● **Provided material**

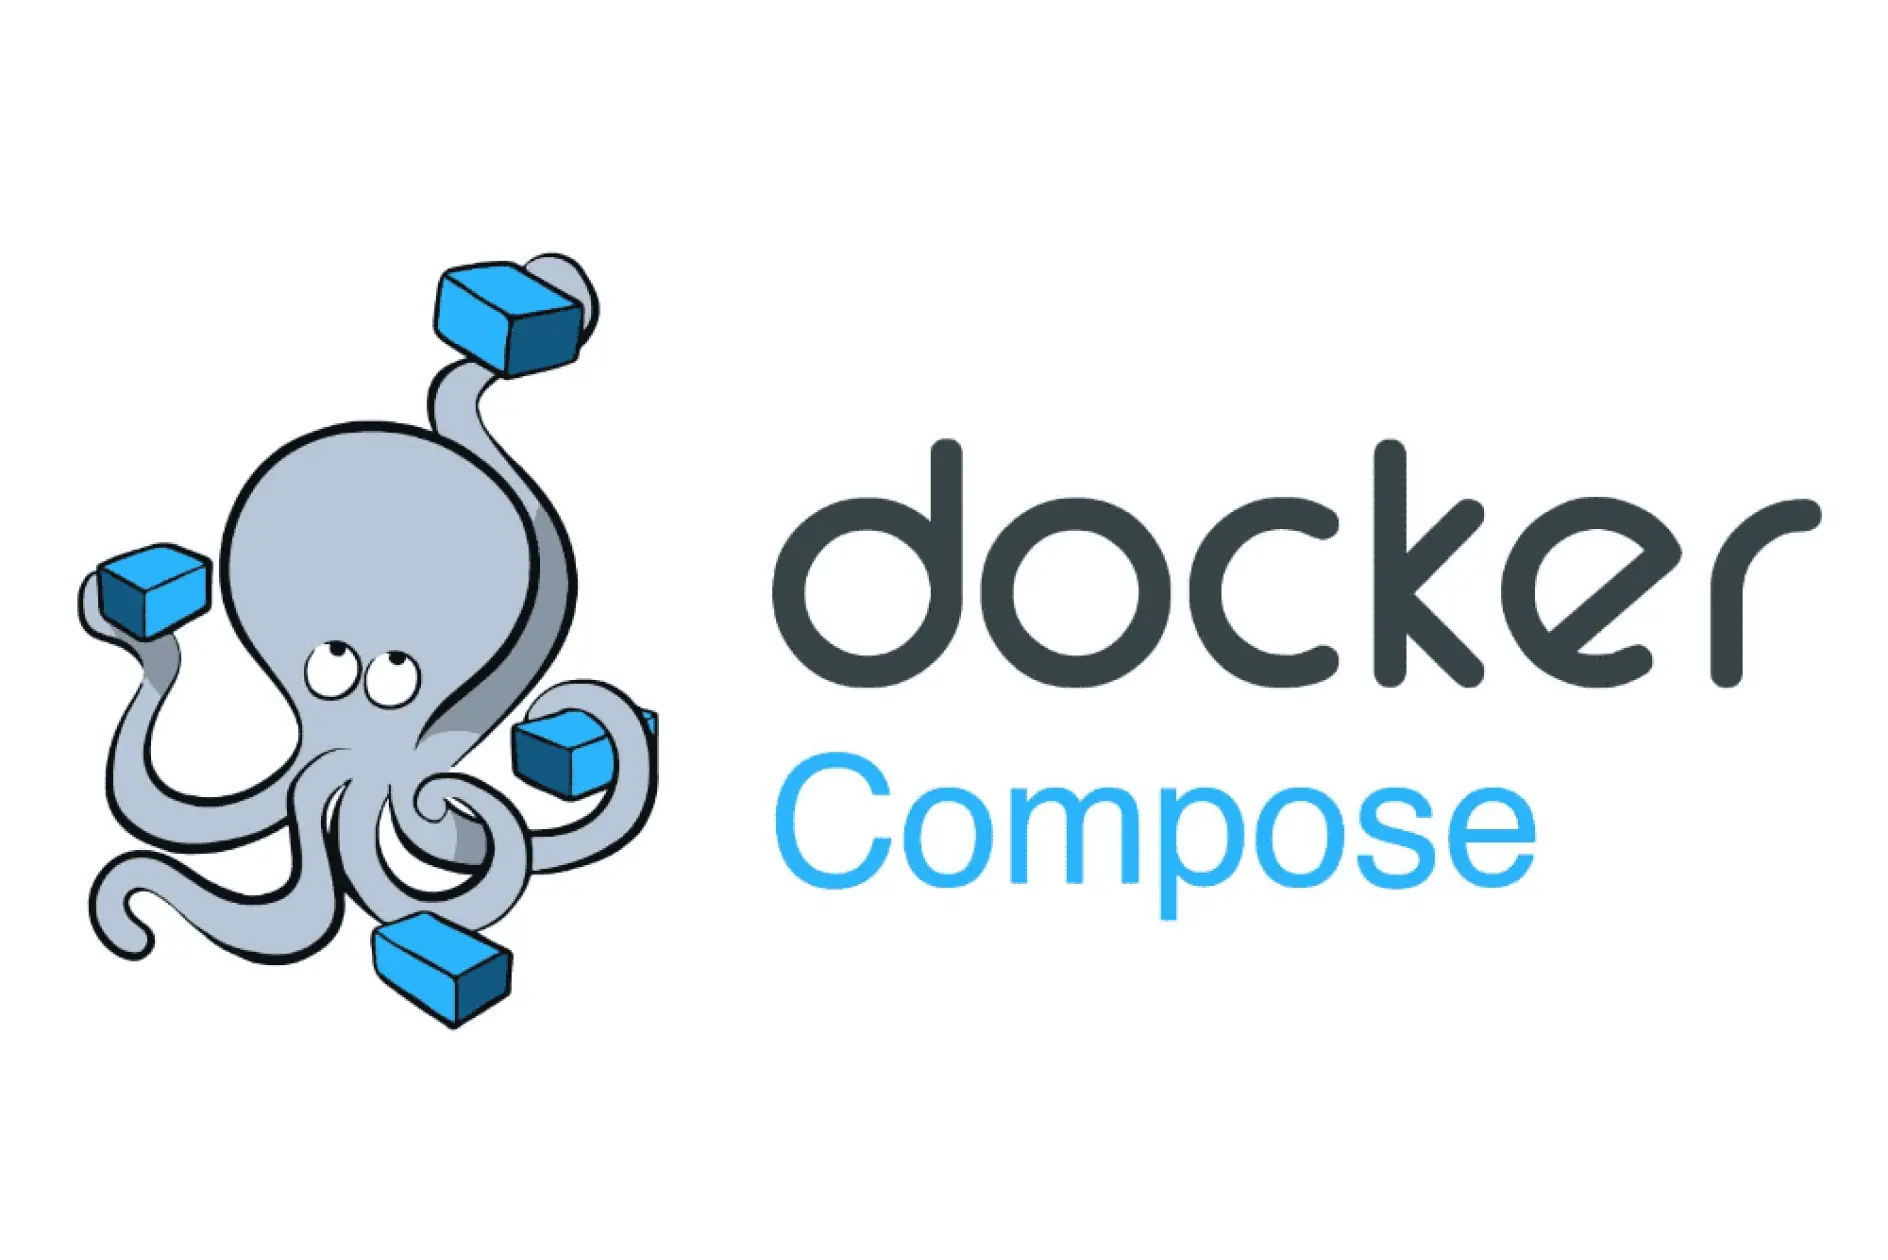 Docker Compose
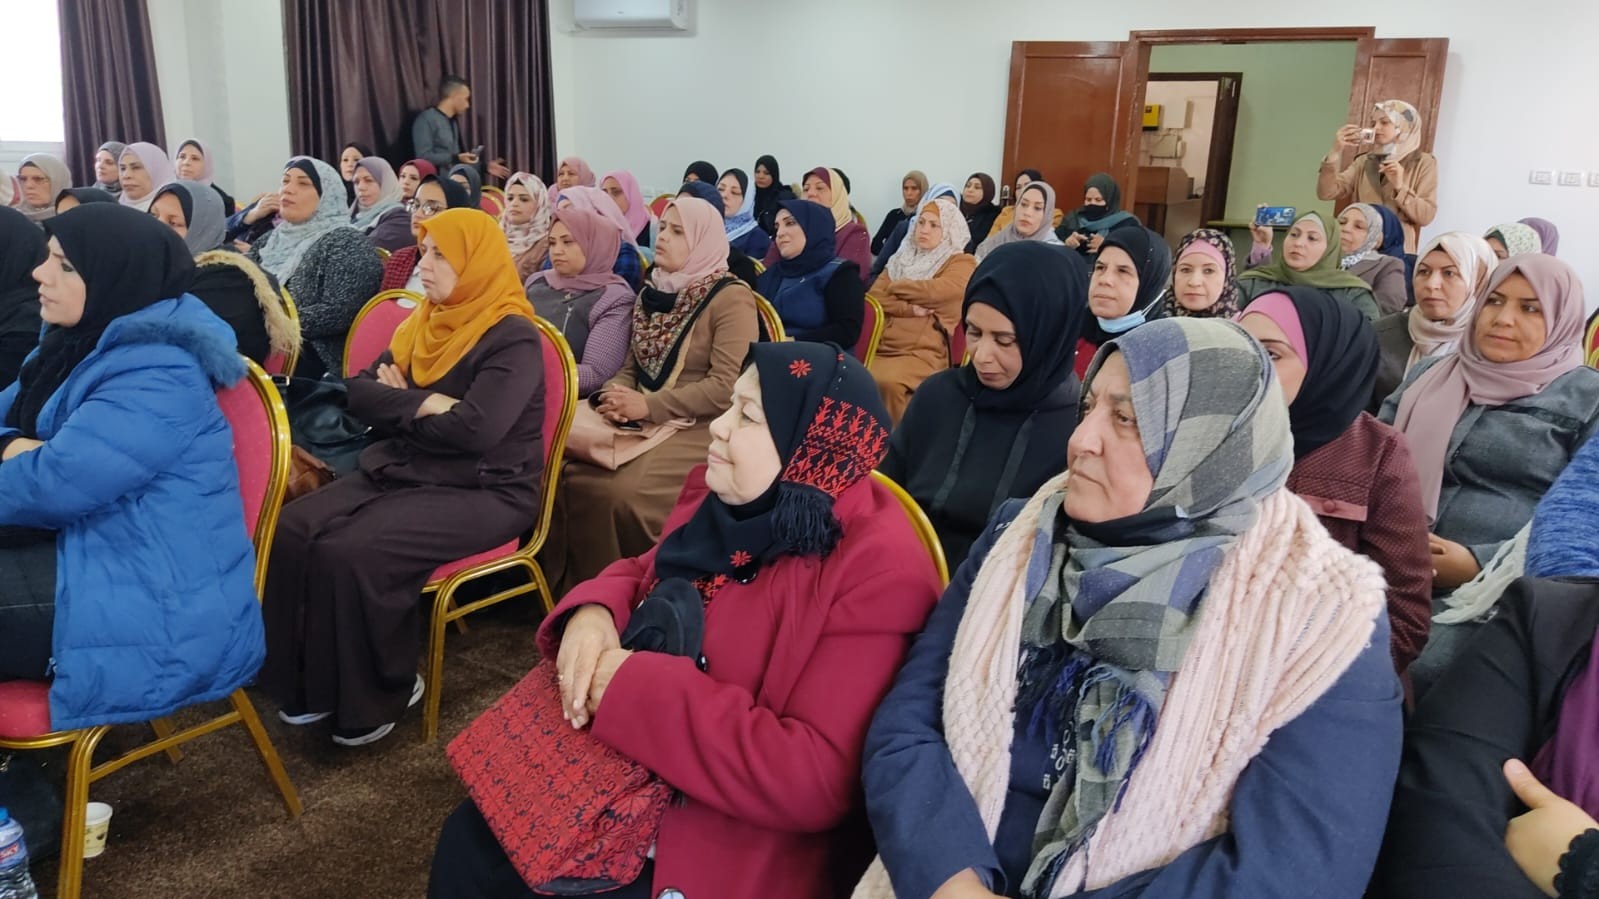 الاتحاد العام للمرأة الفلسطينية في المحافظات الجنوبية وفي الضفة الغربية يلتقيان في سلسلة اجتماعات في قطاع غزة 26.jpg
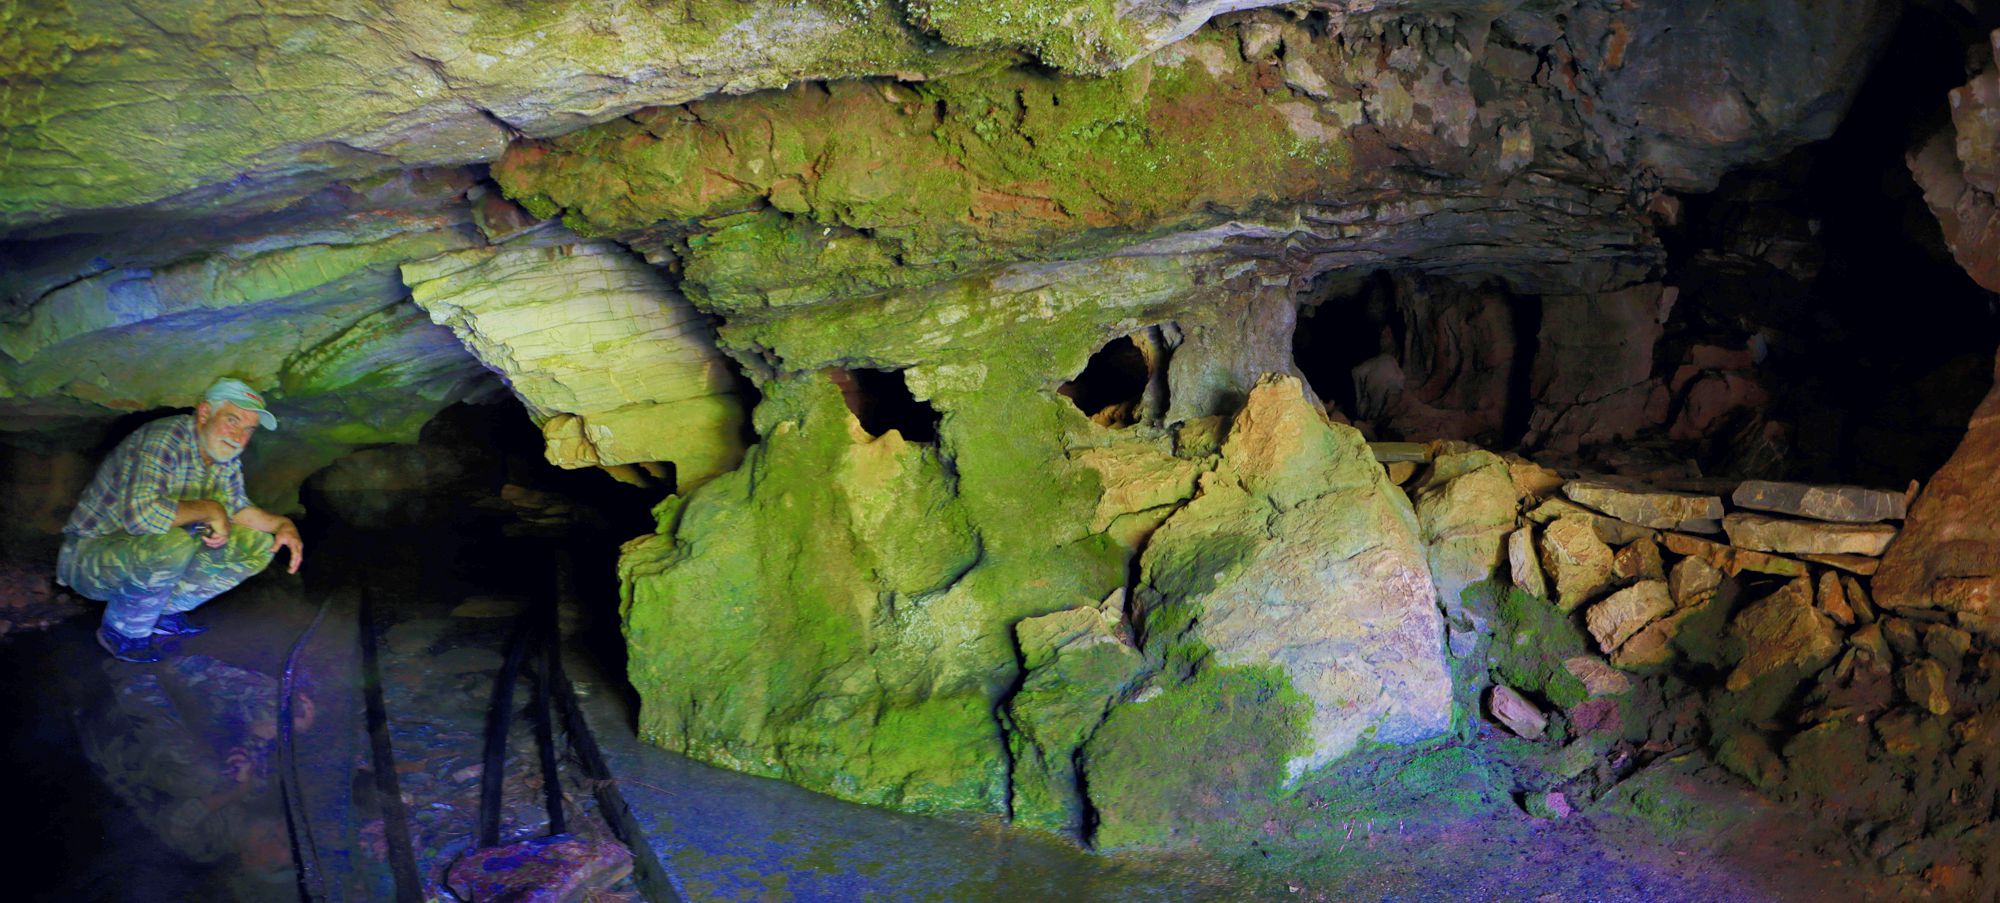 Λύκαιον όρος, Τσουράκι: Το σπήλαιο της Μπουρμπούλας

● **Exercise**
Beginning with the line that has "الاتحاد العام للمرأة", repeat each remaining line of the data above word for word, keeping pictures out.

● **Written response**
 الاتحاد العام للمرأة الفلسطينية في المحافظات الجنوبية وفي الضفة الغربية يلتقيان في سلسلة اجتماعات في قطاع غزة 26.jpg
 Λύκαιον όρος, Τσουράκι: Το σπήλαιο της Μπουρμπούλας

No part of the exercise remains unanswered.